§ **Task directions**
Write the listing below out again exactly, dropping the images.

***** Data shown *****

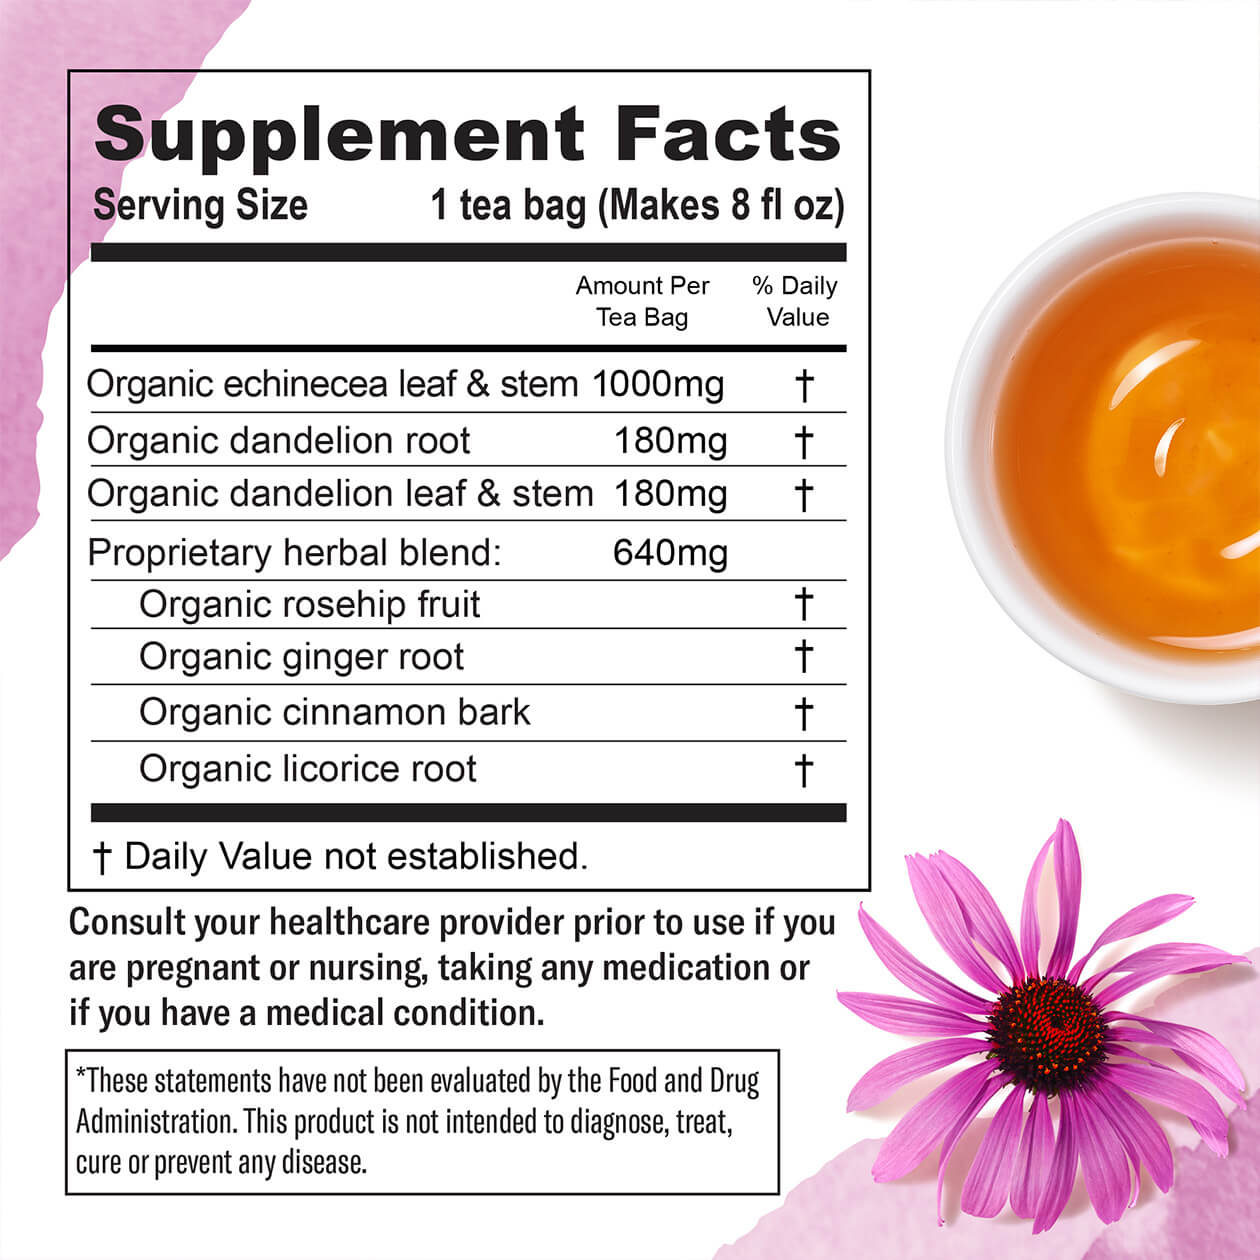 The supplement facts for Numi's Immune Boost dietary supplement tea
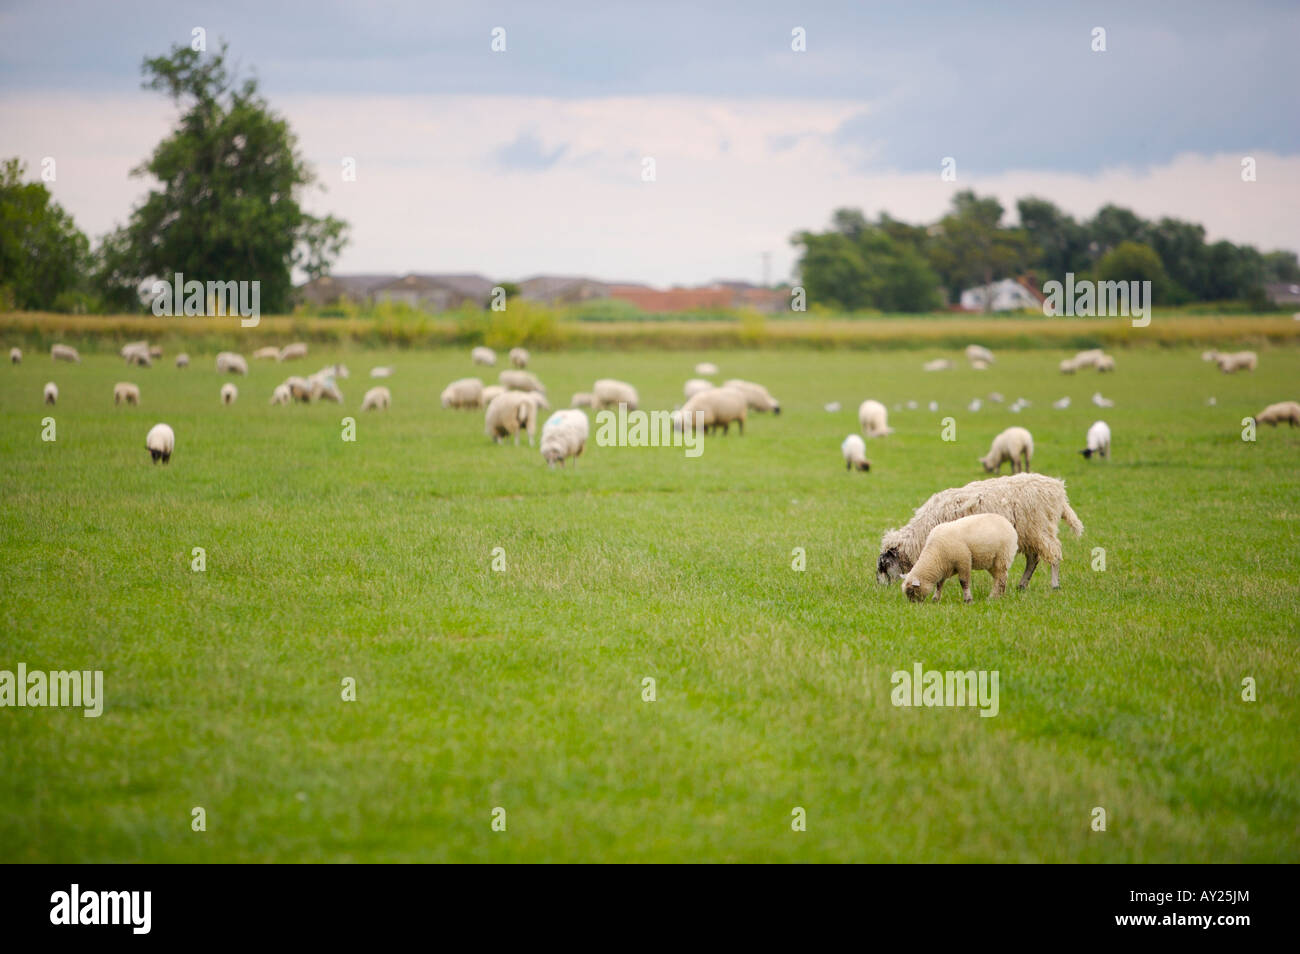 Sheep grazing in a field Stock Photo
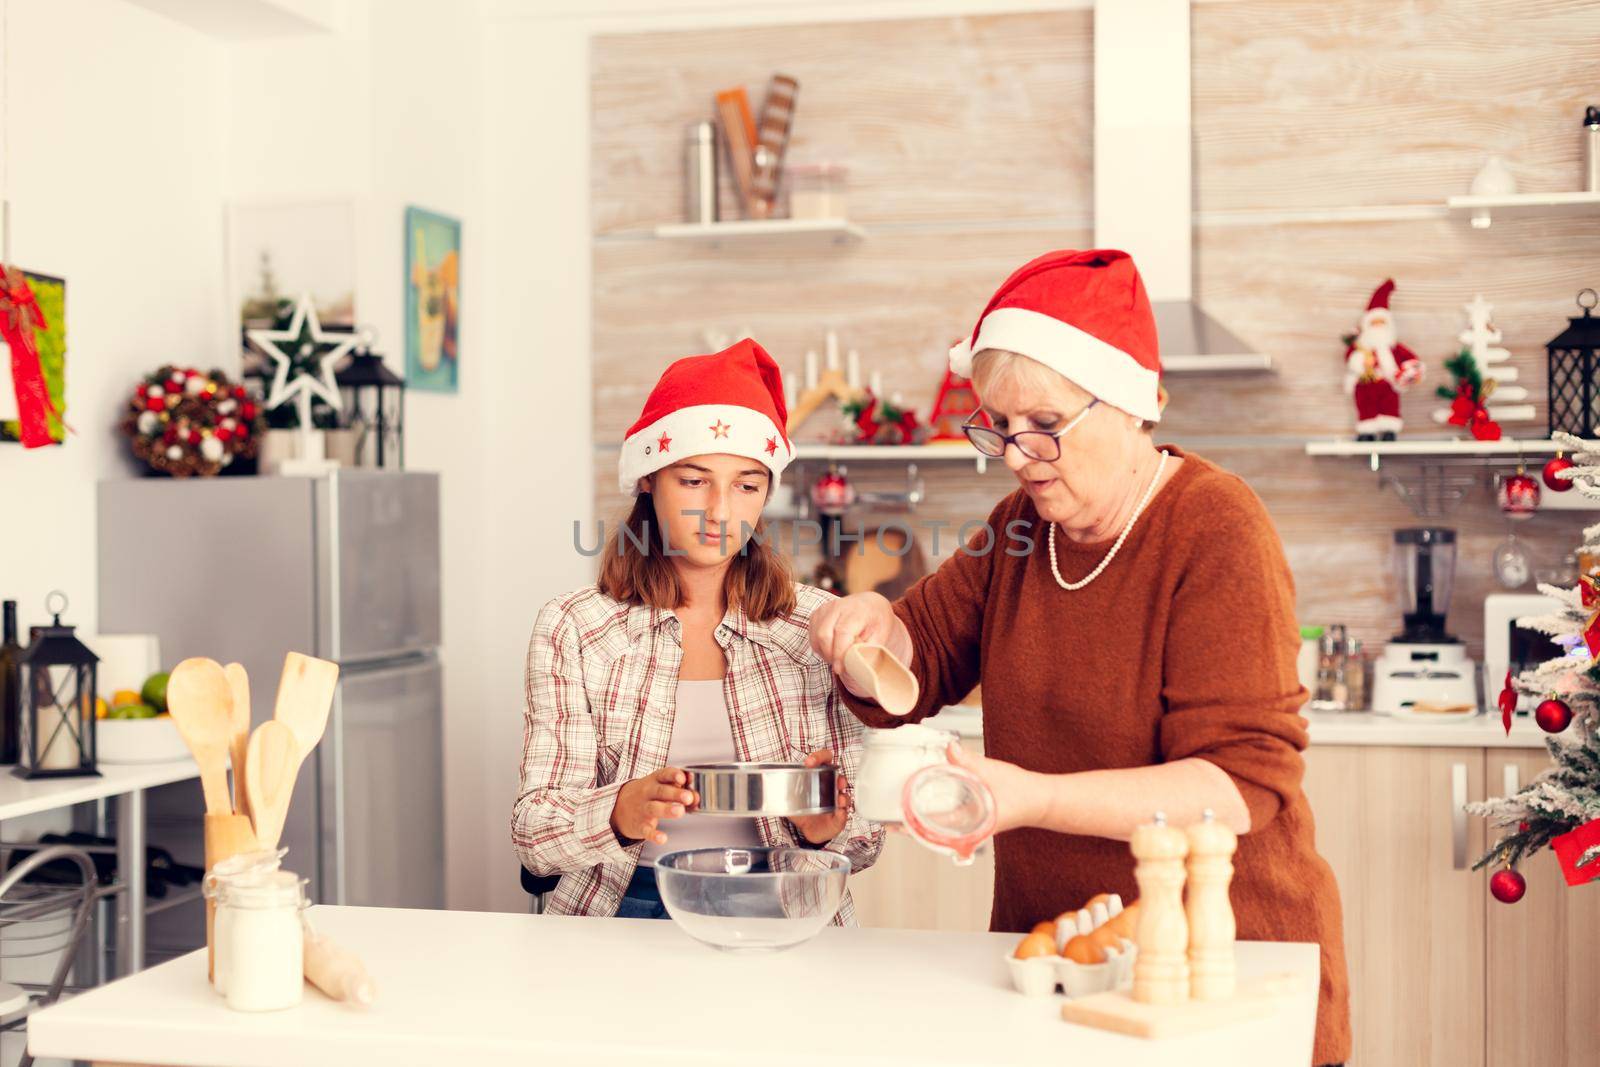 Niece on christmas day making cookies with grandmother in decorated kitchen. Happy cheerful joyfull teenage girl helping senior woman preparing sweet biscuits to celebrate winter holidays wearing santa hat.

*****

§ **Written reply**
 The supplement facts for Numi's Immune Boost dietary supplement tea
 Sheep grazing in a field Stock Photo
 Niece on christmas day making cookies with grandmother in decorated kitchen. Happy cheerful joyfull teenage girl helping senior woman preparing sweet biscuits to celebrate winter holidays wearing santa hat.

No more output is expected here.